John 13:30: So, after receiving the morsel of bread, he immediately went out. And it was night.
This meant, Yeshua was in for a long night, since he would be crucified soon in the daylight hours of Passover day.
After the sun had set and they finished the meal, Yeshua went to the garden to pray. He was then arrested and faced Annas, Caiaphas, and the High Priest before Sunrise. We know this because it all took place before the cock crowed when Peter denied him the third time.
It is now early sunlight hours of Wednesday morning when Yeshua faces Pilate. He is then crucified. It is 9 am Wednesday, the “third hour of the day” on Passover.
The following day is a high Sabbath, the first day of the feast of Unleavened Bread.

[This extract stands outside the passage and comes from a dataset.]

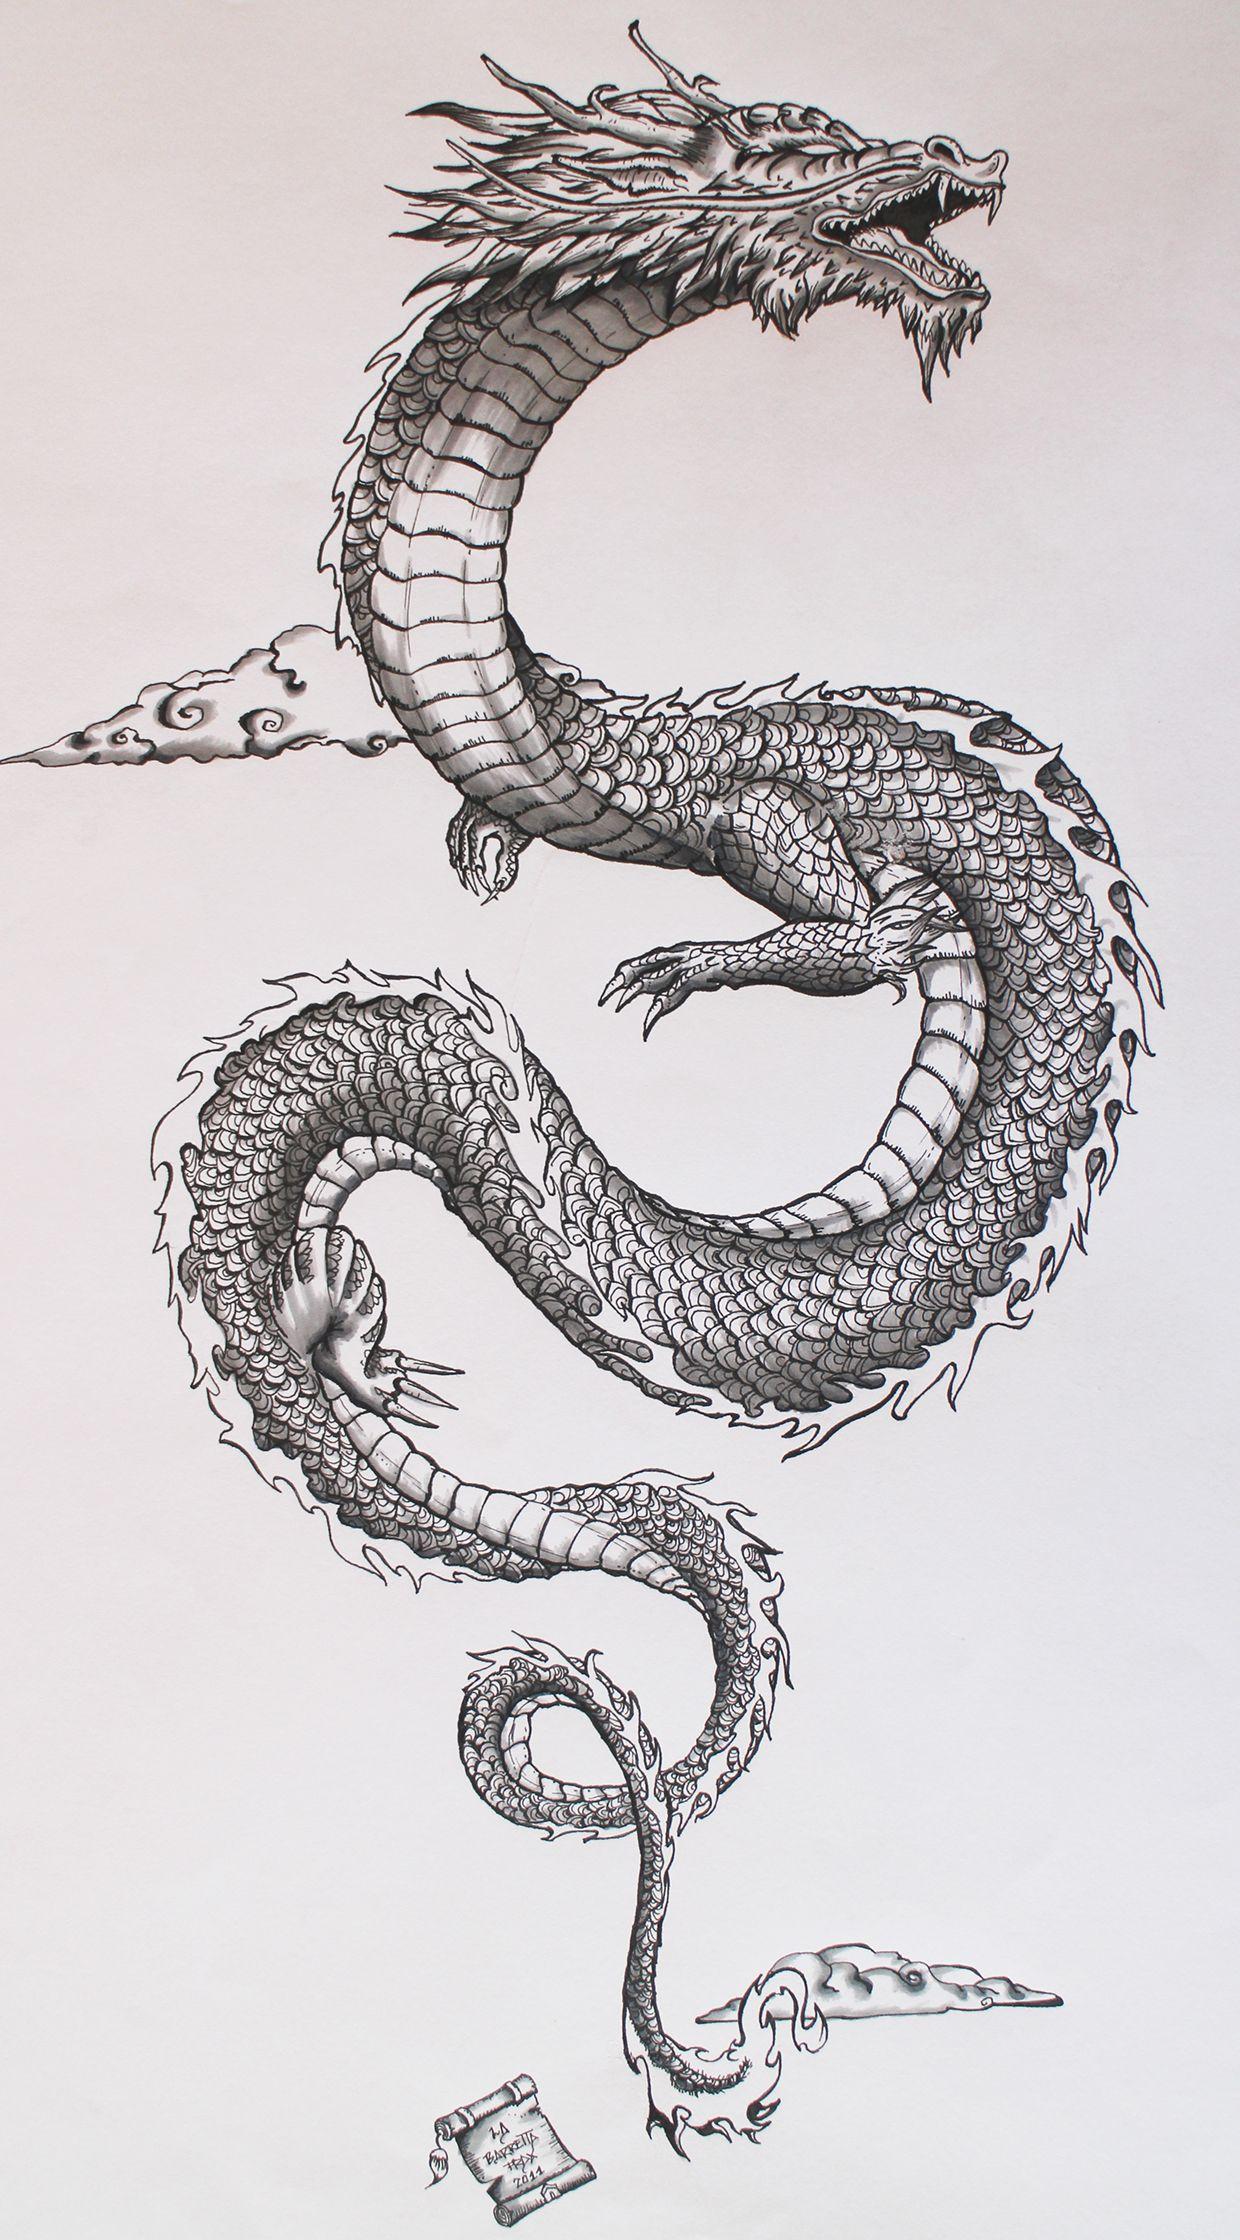 Welsh dragon tattoo designs - My Personal Interpretation Of The Traditional Japanese Dragon

The day before a Sabbath is always called preparation day. This is a day when you get all your business done and meals planned so you don’t have to do any work or heavy labor on Sabbath. That is why Yeshua had to be buried on prep day, before the high Sabbath of the first day of the feast of Unleavened Bread.
John 19:31: Since it was the day of Preparation, and so that the bodies would not remain on the cross on the Sabbath (for that Sabbath was a high day), the Jews asked Pilate that their legs might be broken and that they might be taken away.
Mary then visits the tomb early in the morning, before light on the first day of the week. The first day of the week is always Sunday. Again remember that after sundown on the weekly Sabbath, which is Saturday night, Mary could have gone up since Sabbath is over after sundown.
At any rate, it is still dark and Yeshua is already risen. If she came after sundown Saturday night while still dark, it would have been considered early Sunday, or the first day. So Yeshua had to have risen on Saturday as Mary would not have been able to come to the grave on Saturday during daylight as it was Sabbath.
So by this we know he is buried on Wednesday prior to sundown. In the grave Wednesday night, Thursday, Thursday night, Friday, Friday night and Saturday, being risen precisely at the same time Saturday late afternoon that he died on Wednesday 3 days prior.